▶ _Recorded information_:
»»

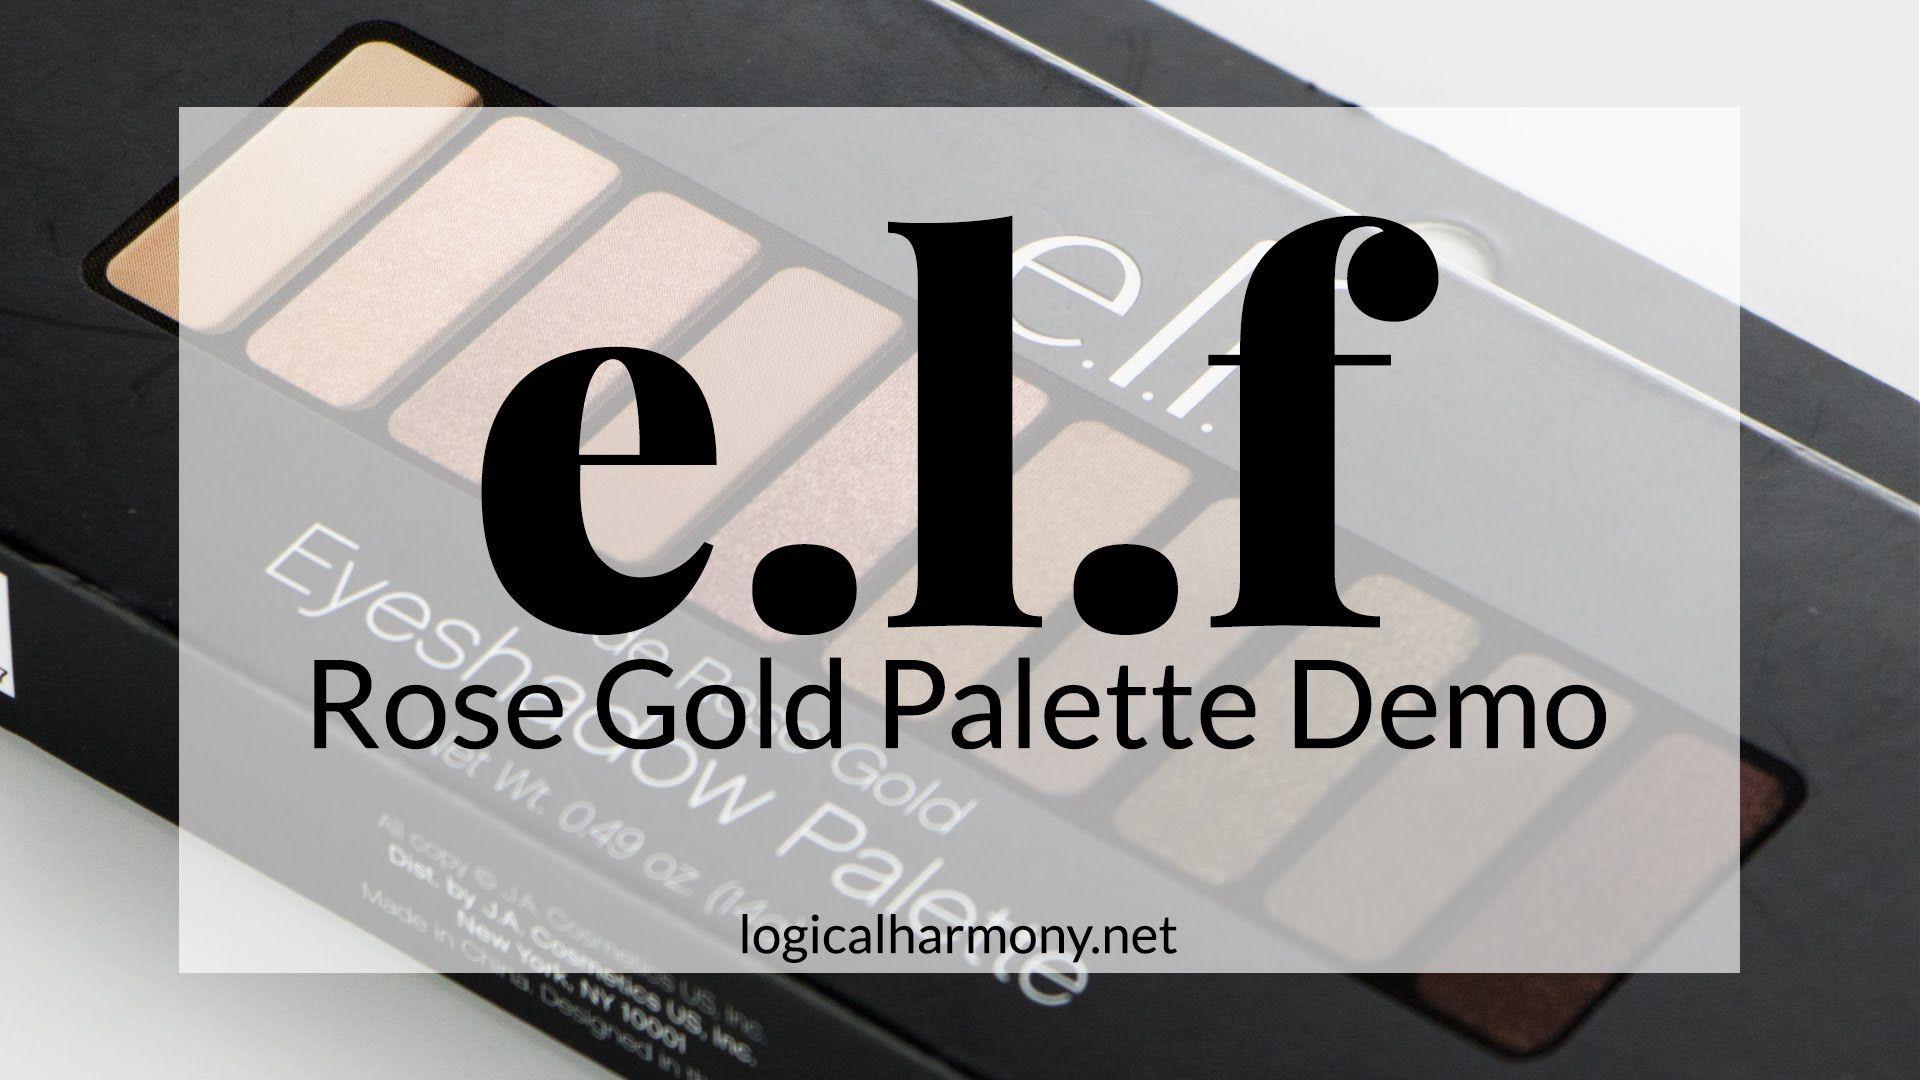 ELF Rose Gold Shadow Palette Demo (Cruelty Free & Vegan
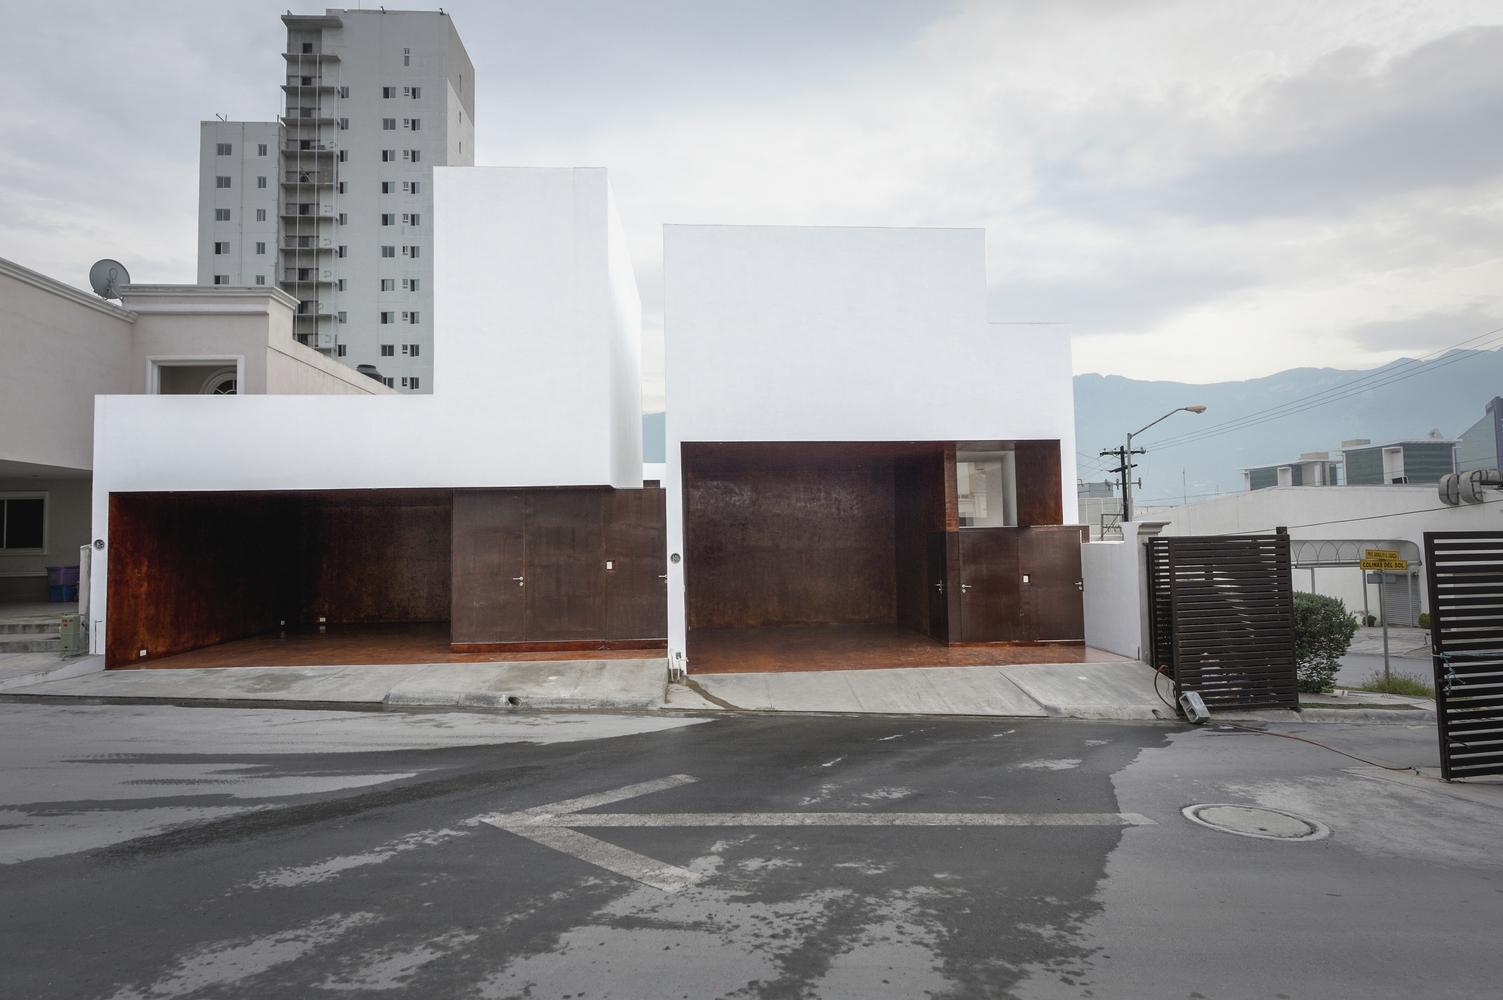 Arquitectura mexicana que rompe moldes despiertaymira for Arquitectura mexicana
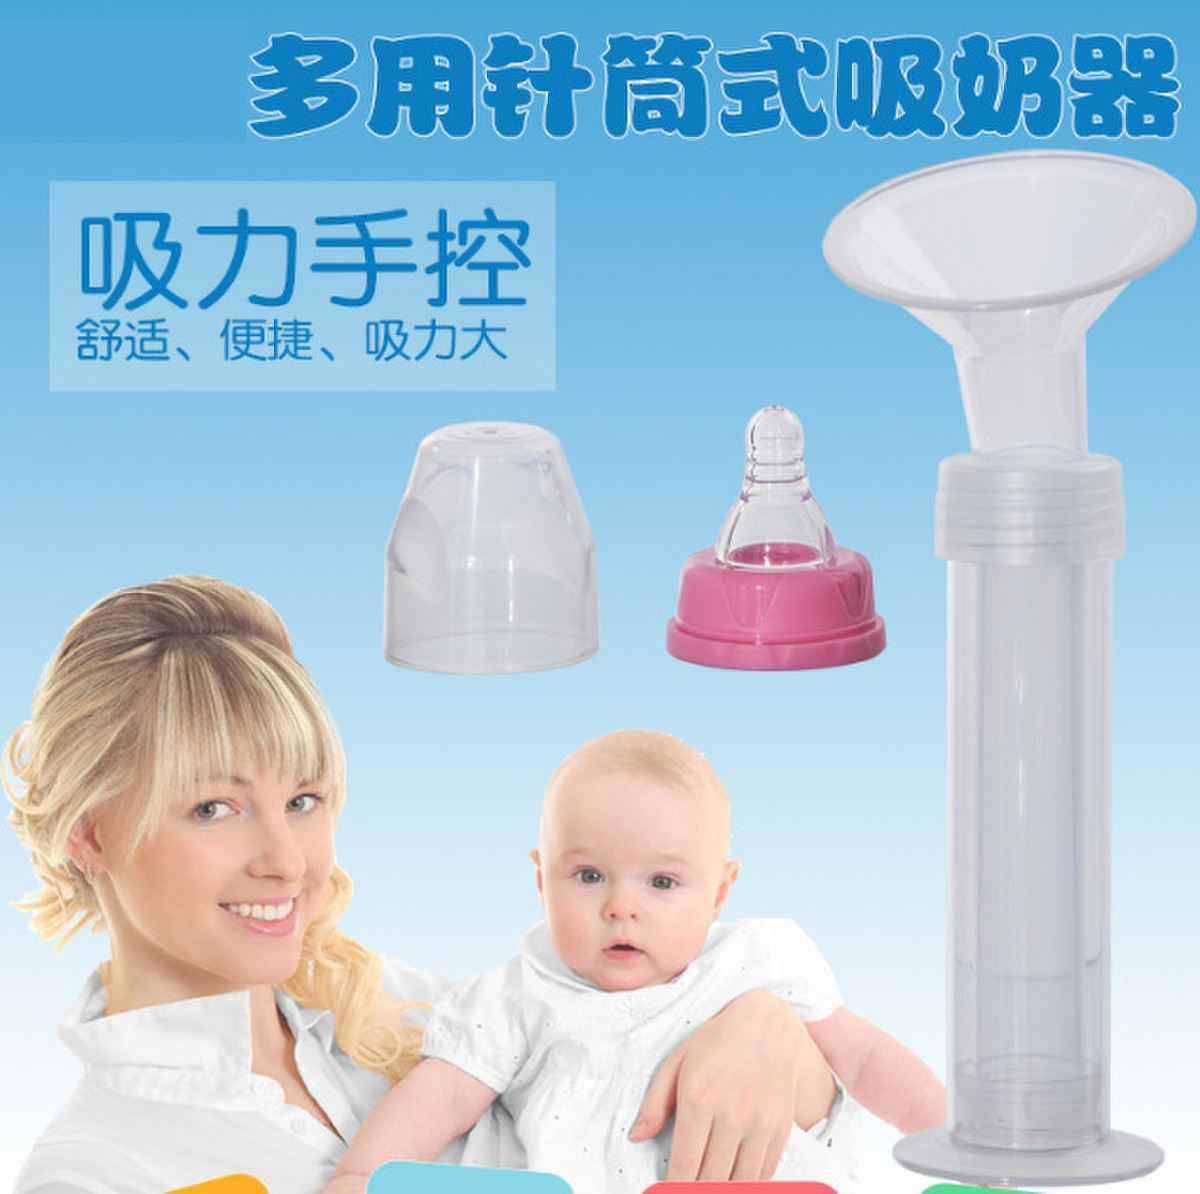 Milker Maternal Force Breast Milk Syringe Breast Pump Straw Kids Pacifier Pregnancy And Birth Milking Manual Needle Feeding Bott

««

▶ _Goal of the exercise_: The expected answer is the data retyped exactly, without pictures.

▶ _Answer to this task_:
 ELF Rose Gold Shadow Palette Demo (Cruelty Free & Vegan
 Arquitectura mexicana que rompe moldes despiertaymira for Arquitectura mexicana
 Milker Maternal Force Breast Milk Syringe Breast Pump Straw Kids Pacifier Pregnancy And Birth Milking Manual Needle Feeding Bott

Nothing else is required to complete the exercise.